= Russell Strong =

Australian transplant surgeon (born 1938)

Russell Walker Strong, (born April 1938) is an Australian transplant surgeon. He pioneered several techniques for liver transplantation, including reduced-size liver transplantation, split-liver transplantation, and living donor liver transplantation.

==Early life==
Strong was born in Coraki, New South Wales, and raised in Alstonville, where his father worked in a butter factory. He attended Lismore High School and then the University of Sydney. He graduated with a degree in dentistry, but he was unable to practise outside the Sydney Dental Hospital as he was still legally a minor at the age of 20. He developed an interest in maxillofacial surgery – especially facial reconstruction after traumatic injuries – and so he decided to study medicine. He moved to the United Kingdom to attend medical school, funding his studies through part-time dentistry work and his wife's work as a pharmacist. After graduating from the University of London in 1960, he held a series of surgical training positions in England, during which time his interest shifted from maxillofacial surgery to general surgery.

==Surgical career==
Strong and his wife Judith returned to Australia in 1973, and he took up a post as Director of Surgery at the Princess Alexandra Hospital, Brisbane. He became focused on hepatobiliary surgery due to the seriousness of liver injuries caused by road accidents. He spent three months studying under the organ transplantation expert Thomas Starzl at the University of Pittsburgh Medical Center in the early 1980s, and proposed the creation of an Australian liver transplantation program in 1983. He went on to perform Australia's first orthotopic liver transplants (wherein the full donor liver is transplanted into its usual place in the body) in an adult and in a child in 1985. These procedures were controversial in Australia at the time, and his paediatric liver transplant efforts were derided in a Medical Journal of Australia editorial titled "Surgery runs amok".

In 1987, Strong performed one of the world's first reduced-size liver transplantations – wherein a full-sized liver from an adult donor is cut down to be transplanted into a child or infant – in a six-month-old child dying from liver failure. The method he used has since been termed the "Brisbane Technique", and became commonplace in paediatric liver transplantation. Beginning in 1989, he pioneered split-liver transplantation – where a single donor liver is split between multiple recipients – and his unit in Brisbane were the only surgeons in Australia to use the technique until 2000. In 1989, Strong carried out the world's first liver transplant from a living donor, which took place from a mother to her son and was reported in The New England Journal of Medicine and the international press.

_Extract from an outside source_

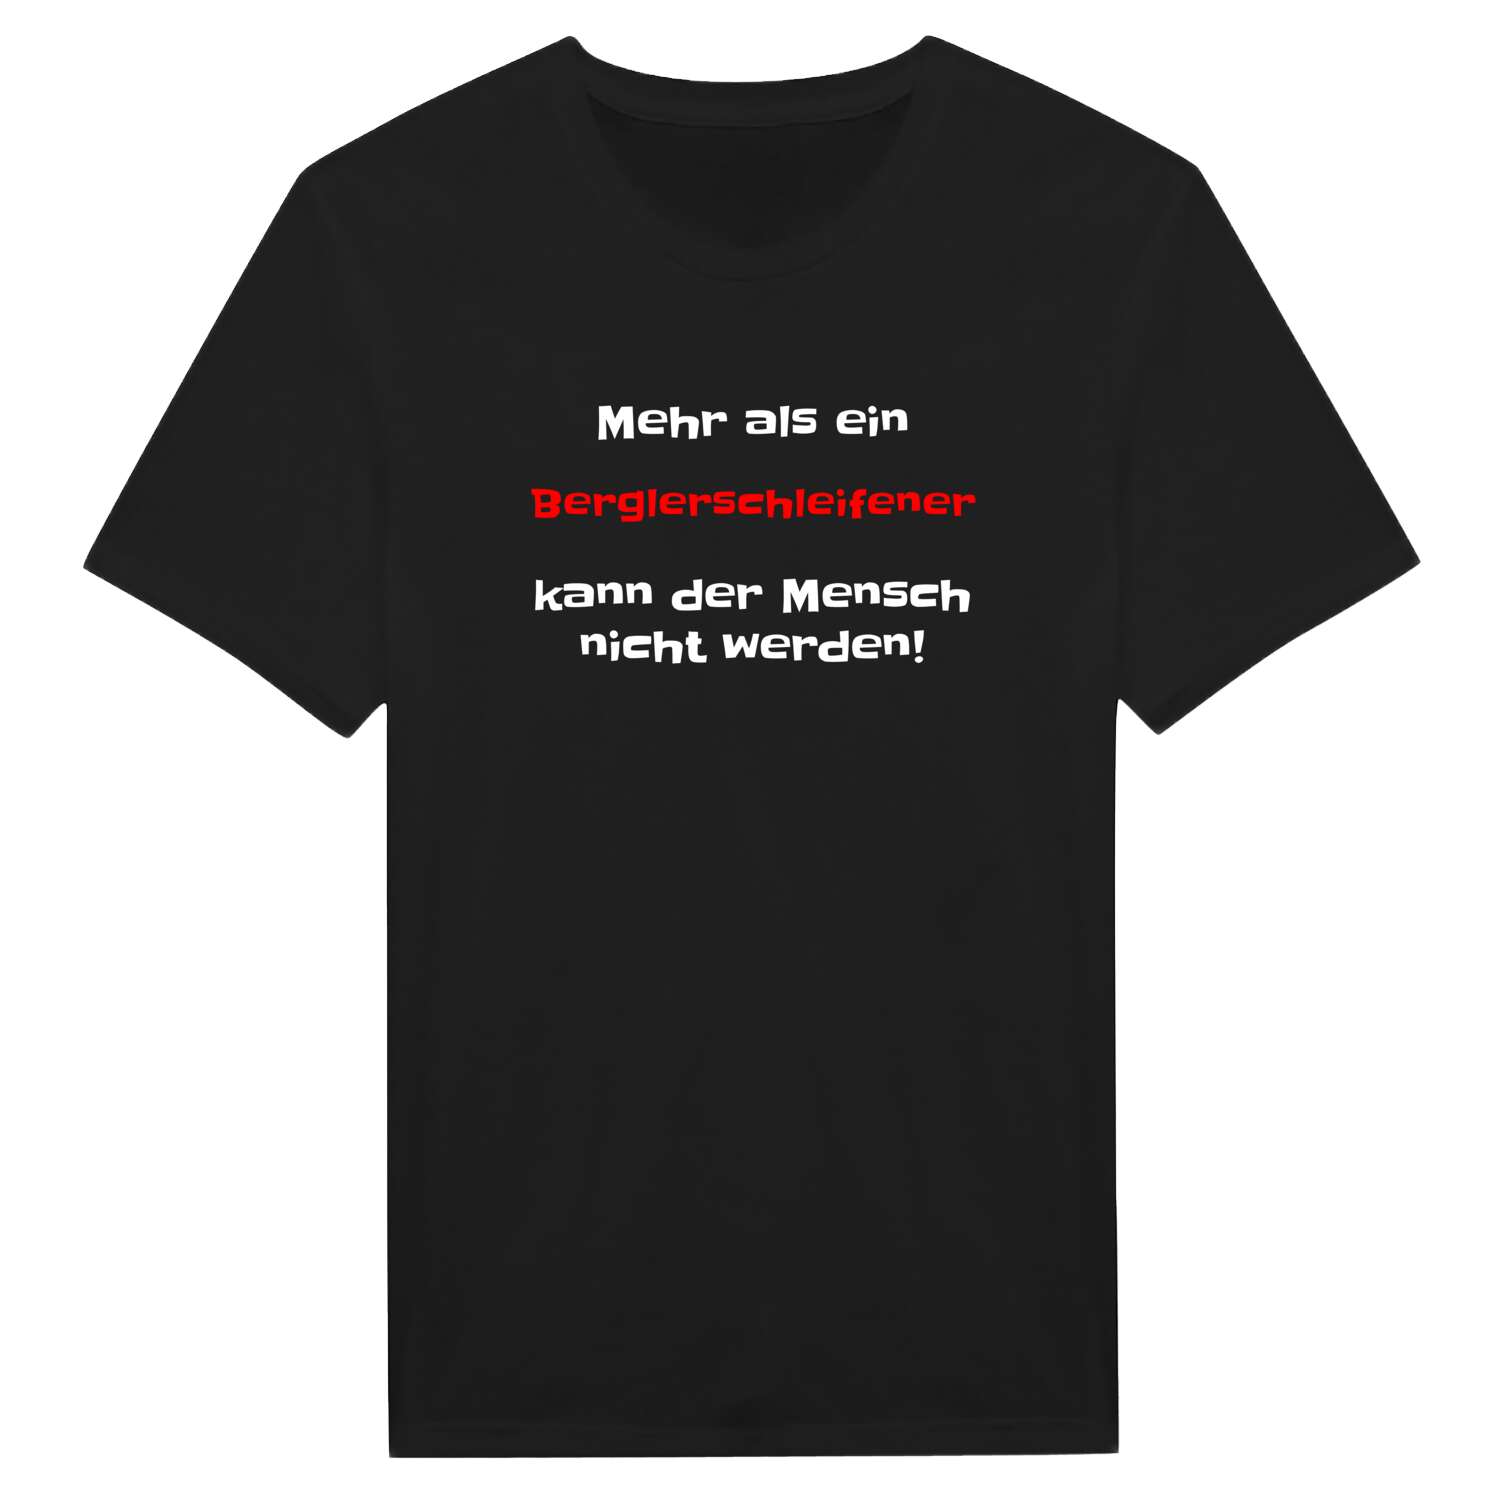 Berglerschleife T-Shirt »Mehr als ein«
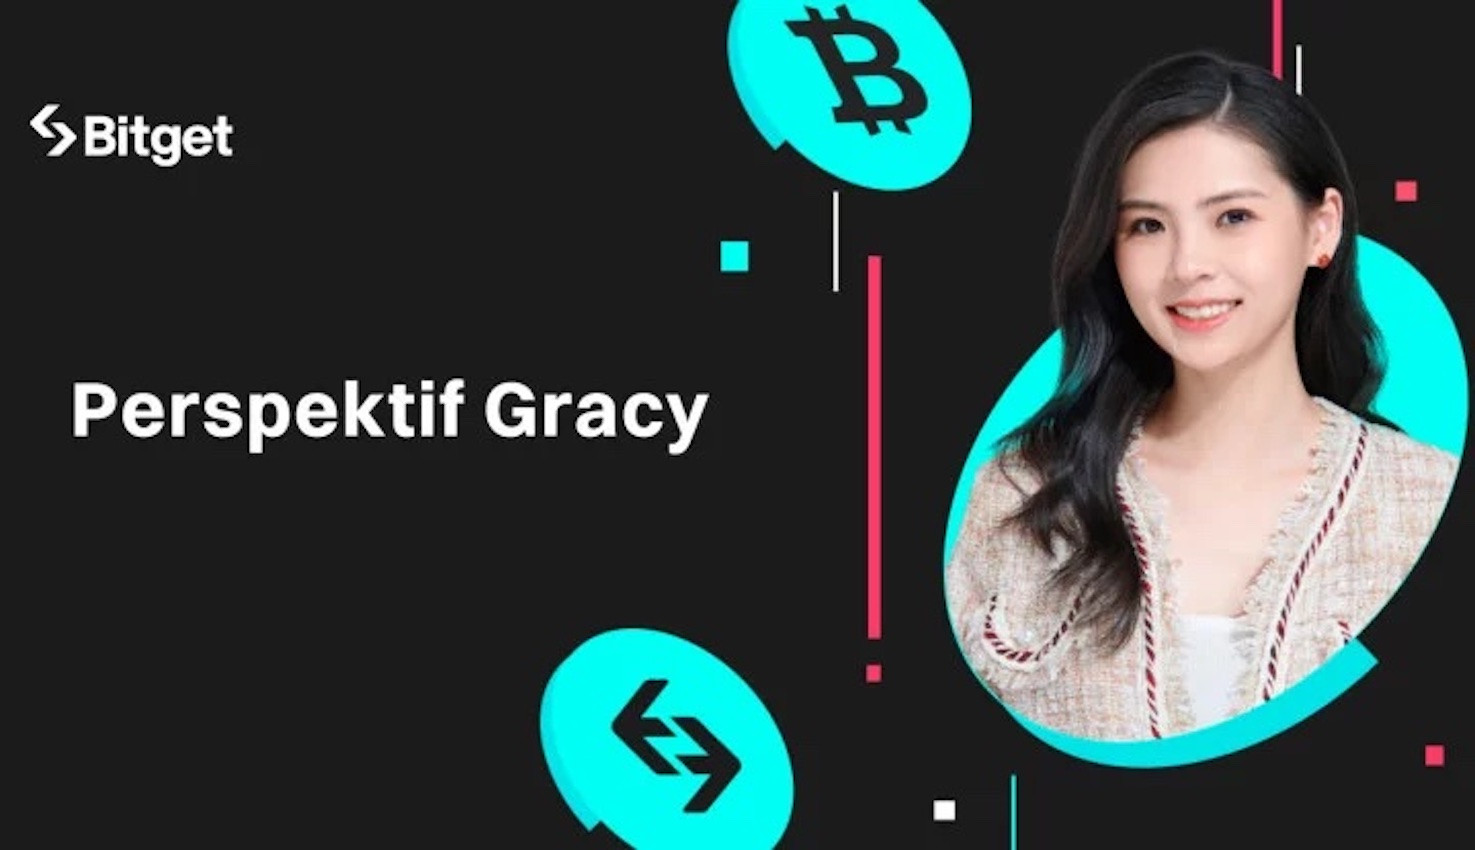 Dirut Bitget Gracy Chen Berbagi Tips untuk Membangun Tim Kripto yang Beragam dan Inklusif

Strong lived in Kuala Lumpur in 2004–2005, where he helped to establish a national liver transplantation program. After his retirement from surgery, he became the medical director of Queenslanders Donate, an organ donation service.

==Honours==
Strong was appointed a Companion of the Order of St Michael and St George on 10th January, 1987 for services to medicine.

Strong was appointed a Companion of the Order of Australia in 2001 "for service to medicine as a pioneer in the development of new techniques and improved clinical performance in the field of liver transplant surgery and to advancing world knowledge in this area". He was awarded the International Society of Surgery's prize in 2001 for his contributions to liver transplantation and was conferred a Malaysian Datukship by King Mizan Zainal Abidin of Terengganu in 2010.